Drs. H.L. Gita Ariadi, M.Si. (ist/lakeynews.com)

Oleh: Drs. H.L. Gita Ariadi, M.Si *)

TIDAK ada pesta yang tiada berakhir. Sang kesatria telah berjuang keras mempertaruhkan jiwa raga bertempur diarena. PON Papua kehormatan dan kebanggaan telah dipertaruhkan.

Besok saatnya, Sang Juara pulang dengan kepala tegak. Rakyat dan Pemprov NTB bangga dan berterima kasih. 15 emas, 11 perak dan 12 perunggu hasil yang istimewa dan membanggakan. Peringkat Sembilan adalah capaian yang paripurna. Jauh melebihi hasil pada PON-PON sebelumnya.

Sabtu (16/10) pagi, dari Jayapura, Ketua Kontingen, Bapak Mori Hanafi melaporkan dan koordinasi dengan Sekda tentang rencana kepulangan kontingen.

Pak Mori Hanafi bersama 122 atlet dan official hari ini akan tinggalkan tanah Papua. Dari Jayapura transit semalam di Surabaya. Keesokan harinya, Minggu (17/10) rombongan tiba di BIZAM sekitar pukul 09.15 Wita.

Sambil menunggu rombongan yang berangkat dari Timika tiba di Bandara BIZAM, rombongan akan menjalani protokol kesehatan berupa swab antigen. Bila hasilnya negatif dapat pulang karantina mandiri. Bila hasilnya positif, akan dikarantina di tempat yang sudah disiapkan. Lima hari kedepan dilakukan RT-PCR.

Rombongan lain berangkat dari Timika. Sebanyak 35 orang dipimpin Bapak H. MNS Kasdiono dan Bapak Suhaimi. Kloter ini akan melewati rute kepulangan dari Timika ke Makassar. Transit untuk bermalam di Makassar. Dari Makassar terbang ke Bandara Ngurah Rai Denpasar selanjutnya akan tiba di BIZAM hari Minggu pukul 12.00 Wita.

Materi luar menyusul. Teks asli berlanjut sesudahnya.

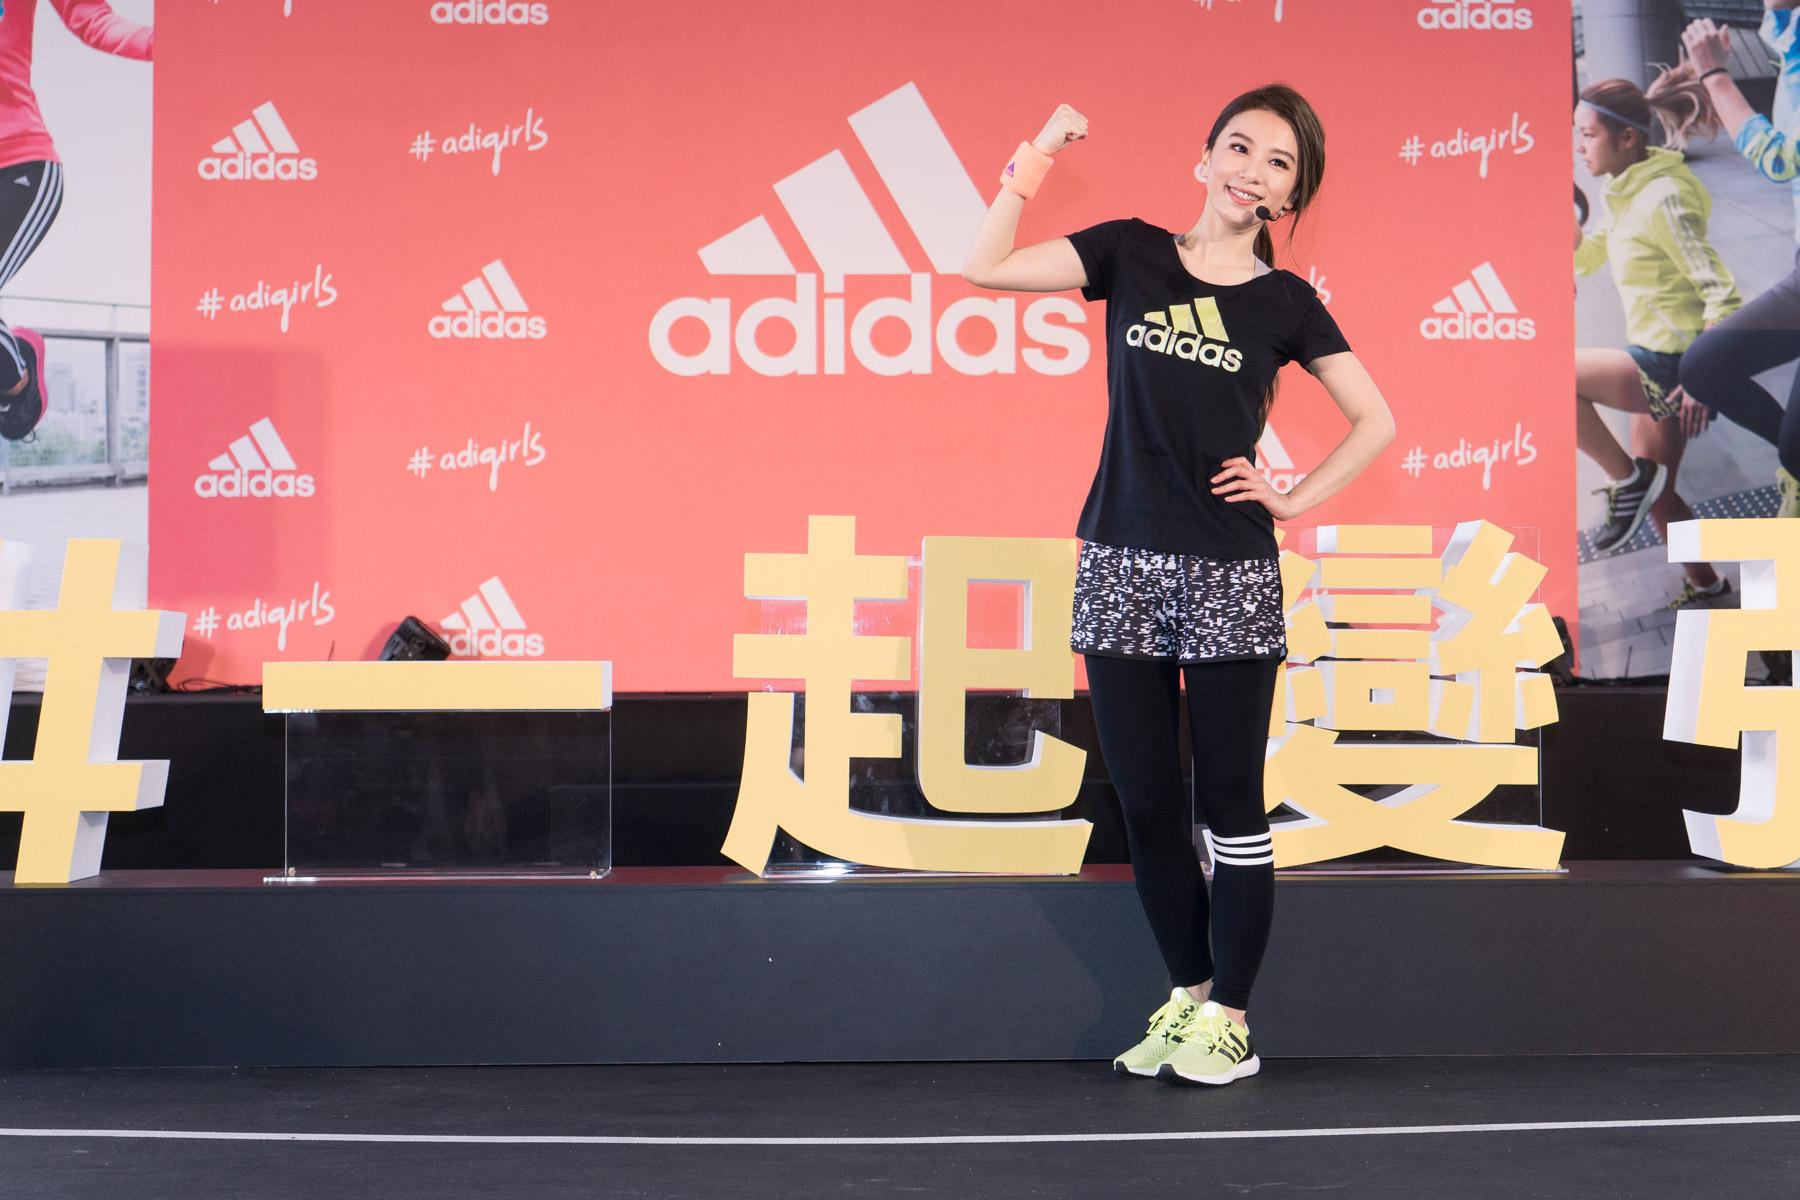 adidas-adigirls press conference 20150924-15

Rombongan Kloter pertama yang tiba pukul 09.15 Wita, menunggu kedatangan rombongan Kloter kedua karena di Kloter Timika banyak juga peraih medalinya.

Kepulangan atlet yang berlaga di PON Papua ini memang tidak sekaligus. Bergantung jadwal bertandingnya. Atlet futsal misalnya, sudah tiba beberapa hari yang lalu. Disusul beberapa Cabor lain yang sudah lebih awal selesaikan pertandingan.

Ada juga atlet yang tidak pulang ke Lombok tapi langsung terbang ke Jakarta. Mereka menyelesaikan Pemusatan Latihan karena akan mengikuti event-event internasional.

Setelah 2 kloter ditambah atlet-atlet yang pulang duluan terkumpul, panitia menyiapkan defile/arak-arakan atlet PON.

Rute konvoi/arak-arakan, dari BIZAM, putar masuk kota Praya, menuju Puyung, Ubung, Kediri, Sweta, Cakra, Mataram dan finish di Lapangan Sangkareang Mataram.

Mobil konvoi antara lain mobil calling Diskominfotik, vooreijder polisi, bus city tour berisi atlet peraih emas, mobil terbuka offroad, jeep, komunitas sepeda motor, mobil ka OPD dan lainnya. Konvoi dipersiapkan dan tanggung jawab Kadispora dan Kadis Perhubungan.

Dari lapangan Sangkareang disambut dan diiringi dengan aneka tetabuhan; gendang beleq, drum band dan lainnya.

Komunitas masyarakat Papua di Mataram direncanakan ikut menyambut.

Pahlawan yang sudah mengharumkan nama daerah. Khusus peraih medali emas direncanakan akan diusung dengan jaran kamput.

Prosesi arak-arakan dari lapangan Sangkareang menuju kantor Gubernur dipersiapkan dan menjadi tanggung jawab Kadis Dikbud. Karo Kesra melakukan pengaturan penyiapan musik-musik penyambutan dari sekolah-sekolah terpilih di Kota Mataram.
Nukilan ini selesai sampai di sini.